● PROVIDED MATERIAL:

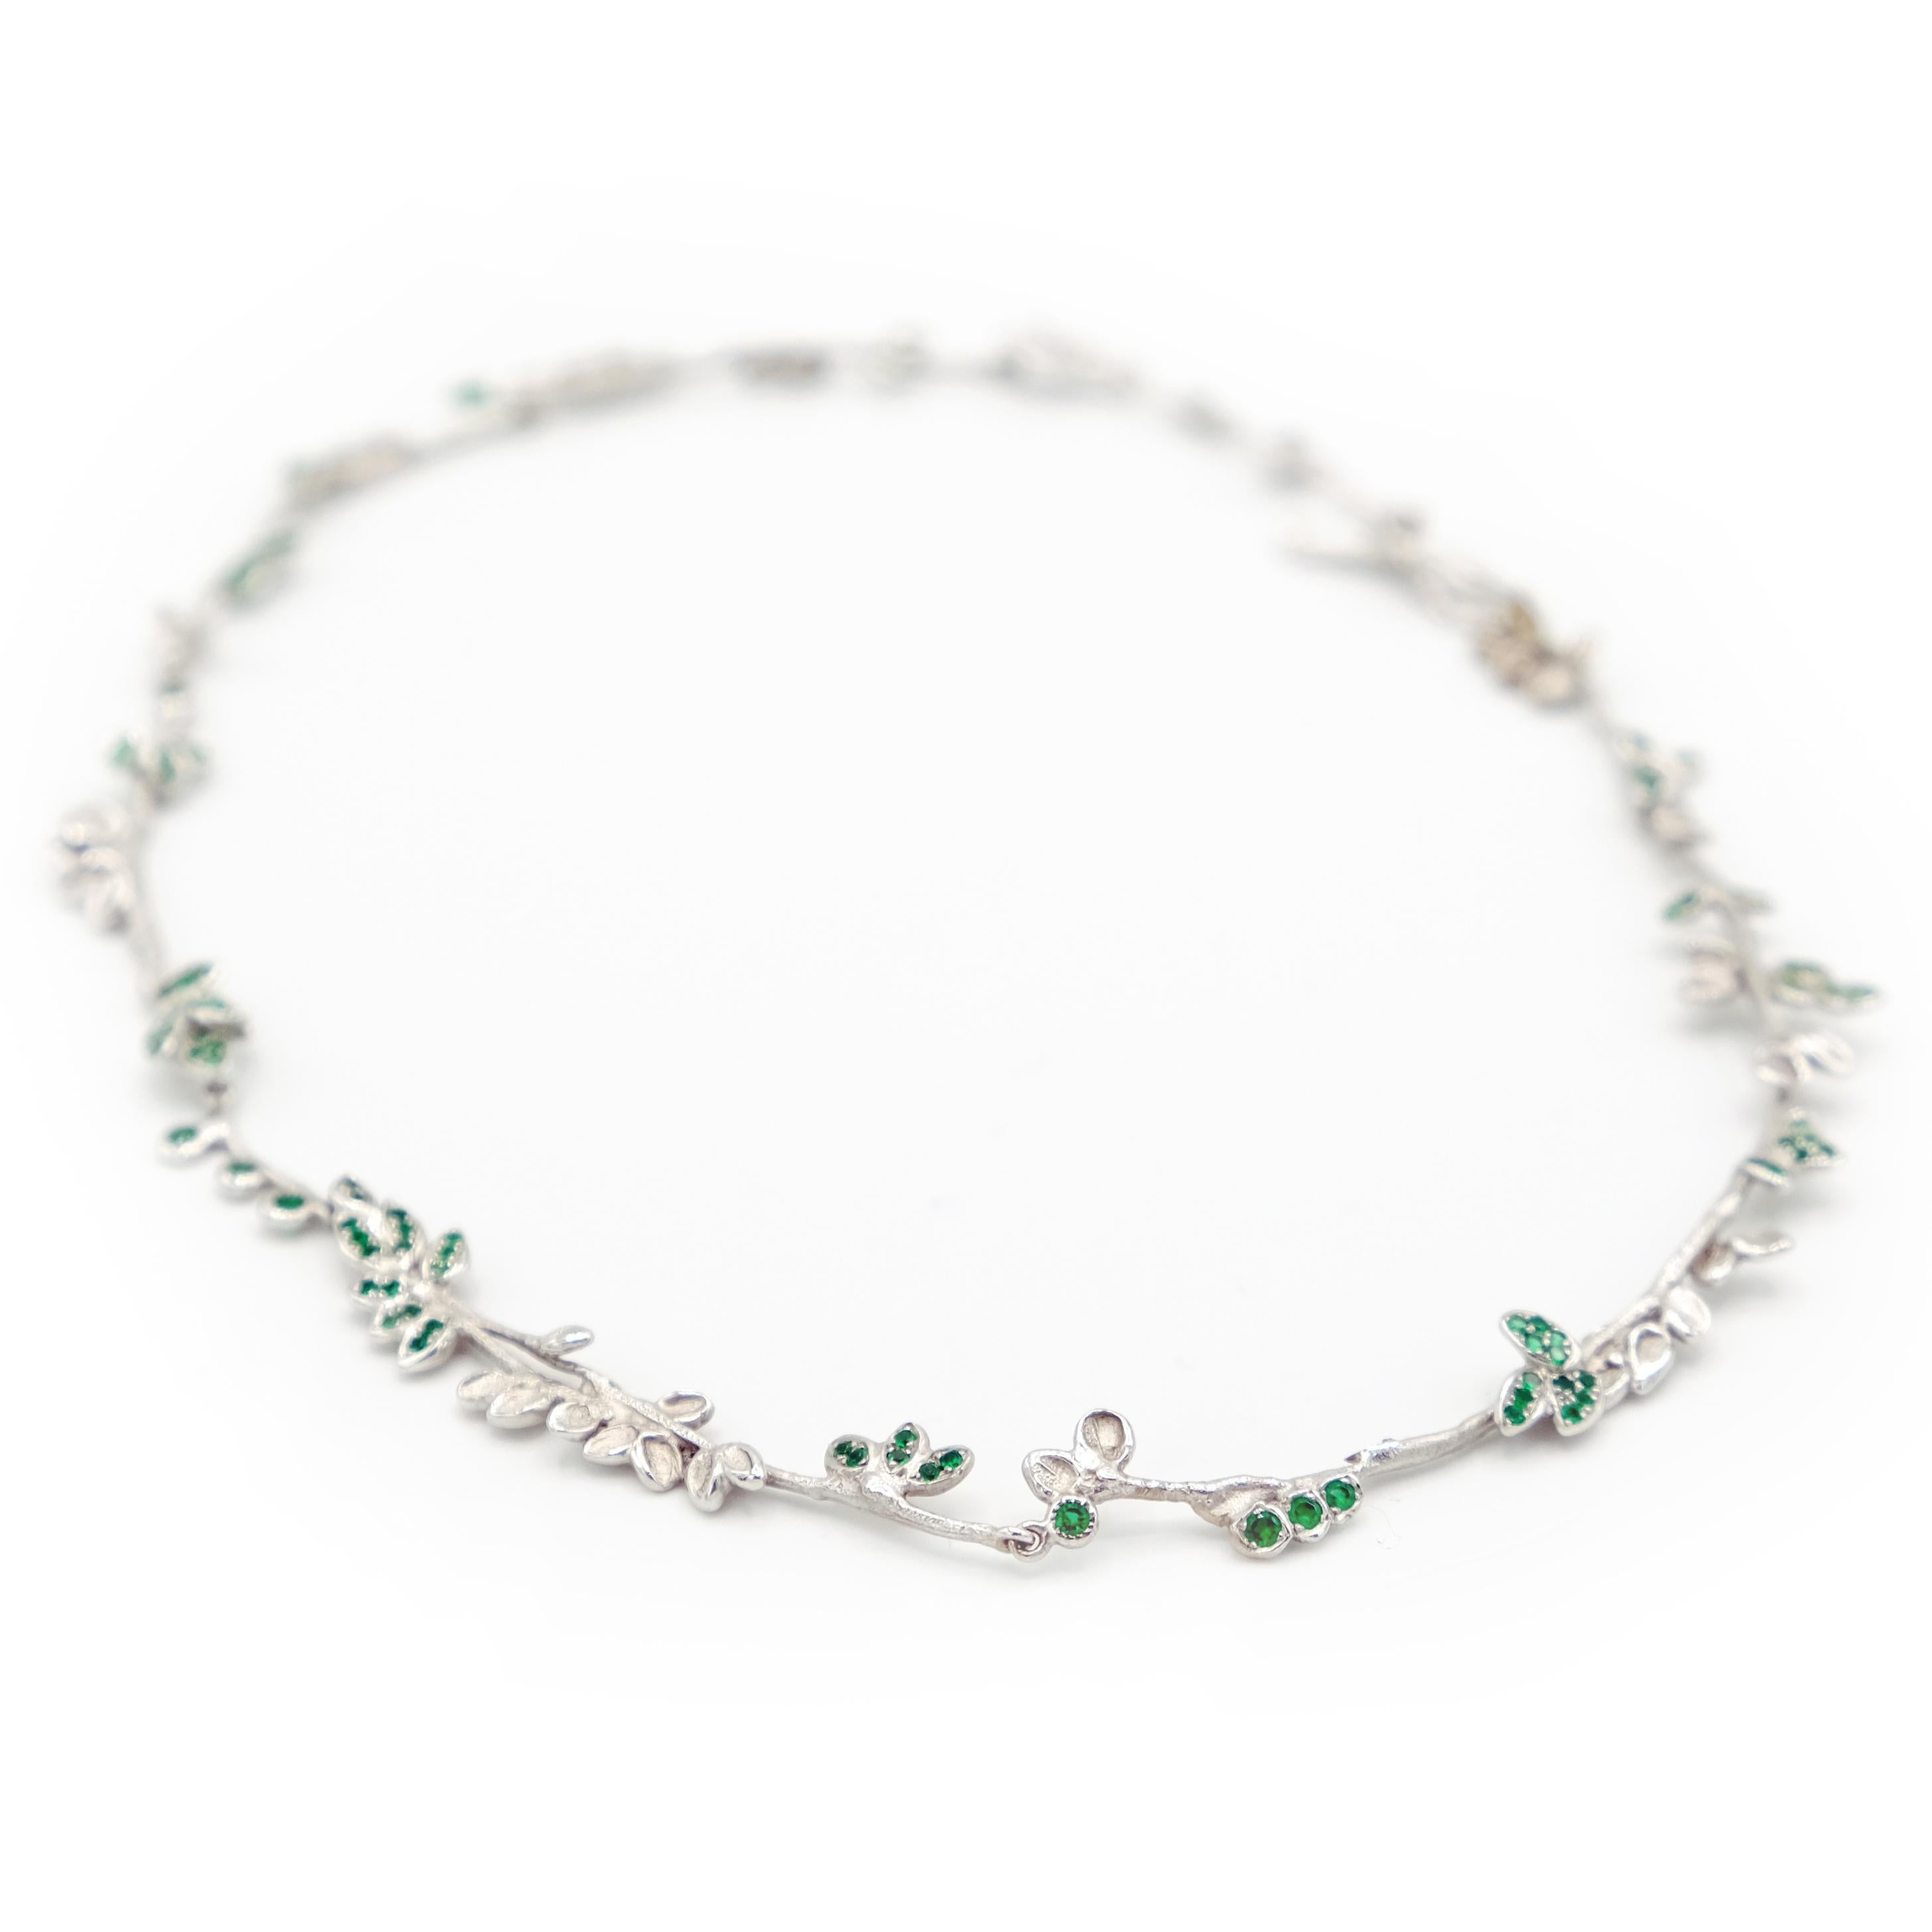 This one-of-a-kind necklace is expertly crafted by hand from 18 Karat white gold approximately 27 grams, set with glittering emeralds total 1.71 carats. 
It is entirely articulated for great comfort. It has a hand made T-bar fastening.
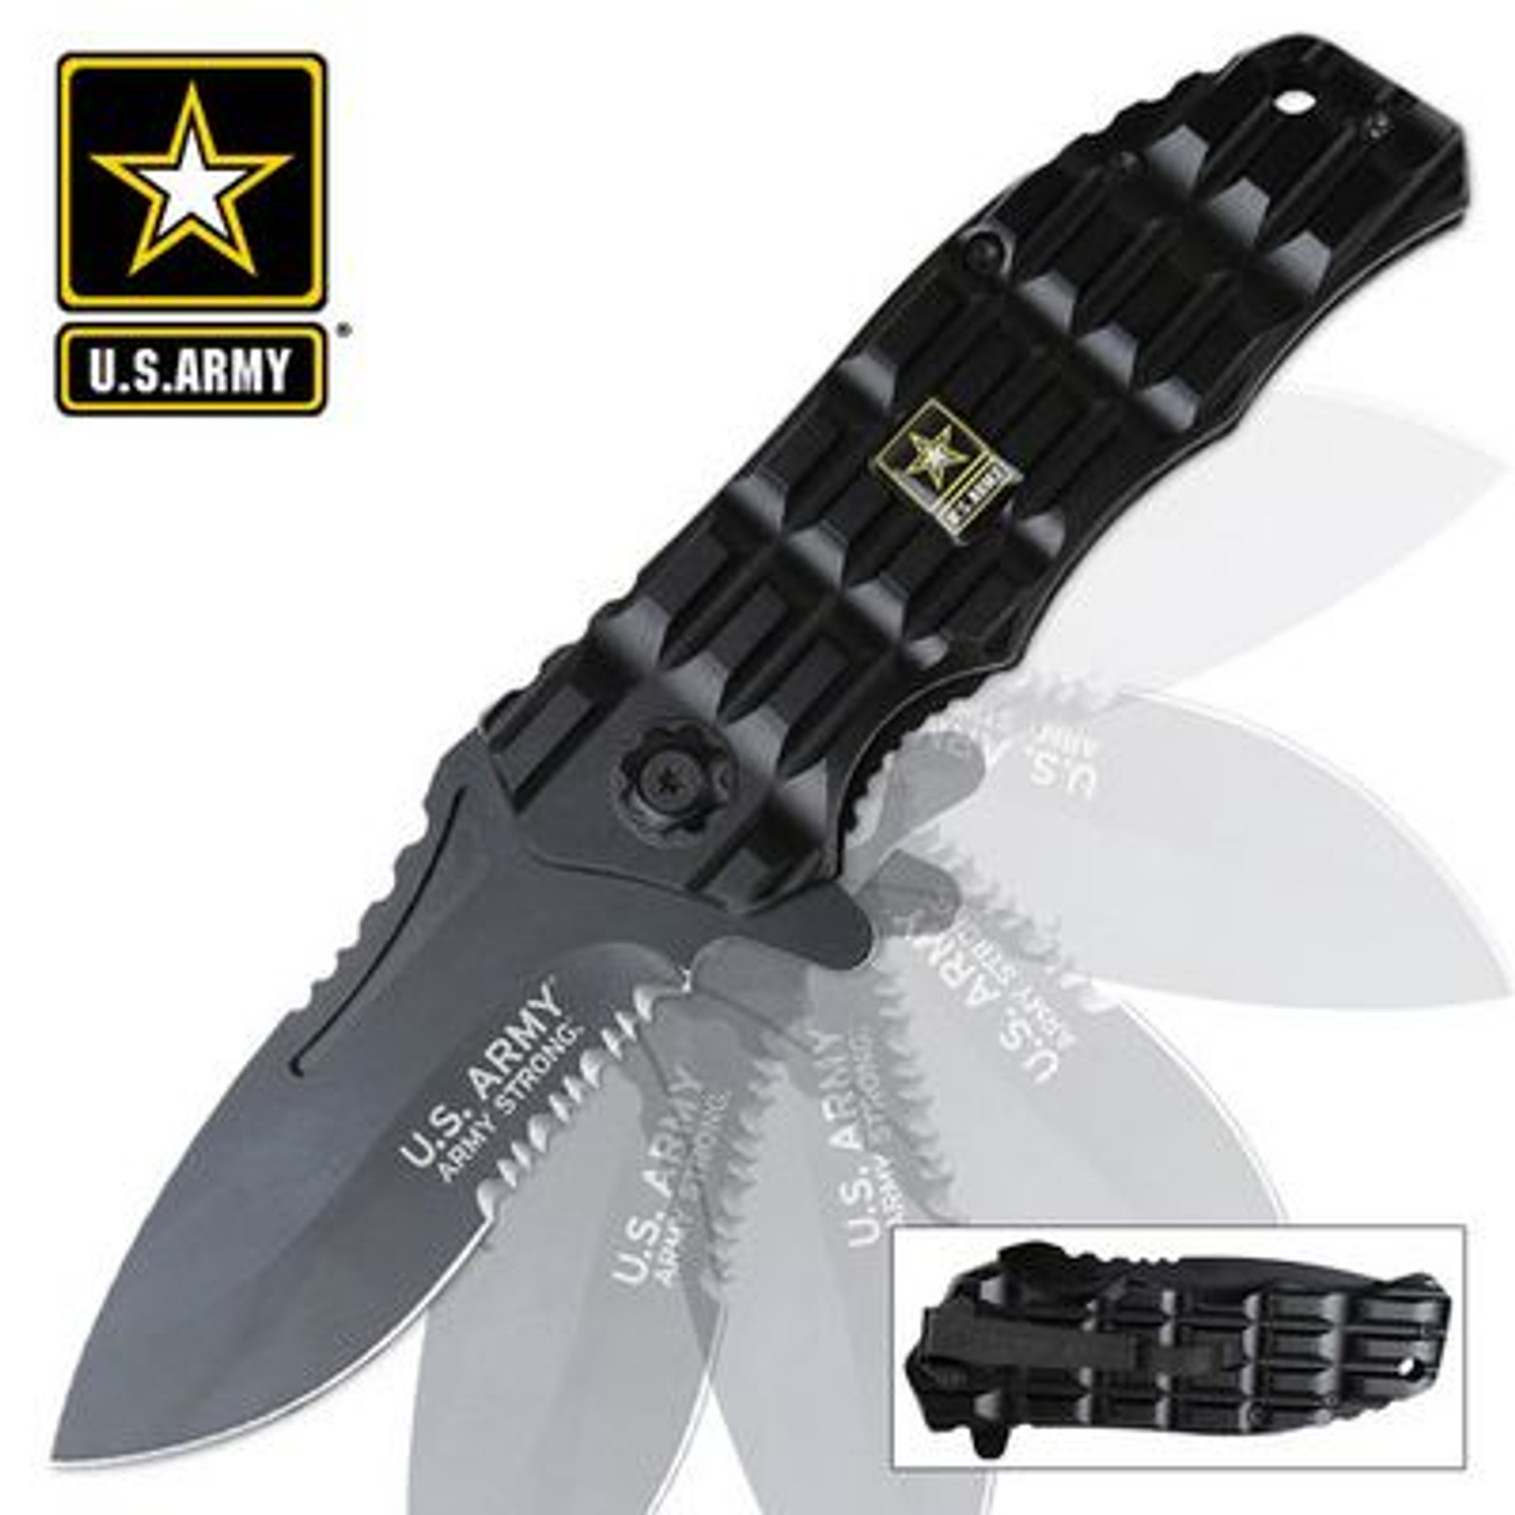 Officially Licensed U.S. Army Tanker Assisted Opening Folding Pocket Knife Black

● PROBLEM DESCRIPTION:
Word for word and without any pictures, return all of the lines above.

● EXERCISE SOLUTION:
 This one-of-a-kind necklace is expertly crafted by hand from 18 Karat white gold approximately 27 grams, set with glittering emeralds total 1.71 carats. 
It is entirely articulated for great comfort. It has a hand made T-bar fastening.
 Officially Licensed U.S. Army Tanker Assisted Opening Folding Pocket Knife Black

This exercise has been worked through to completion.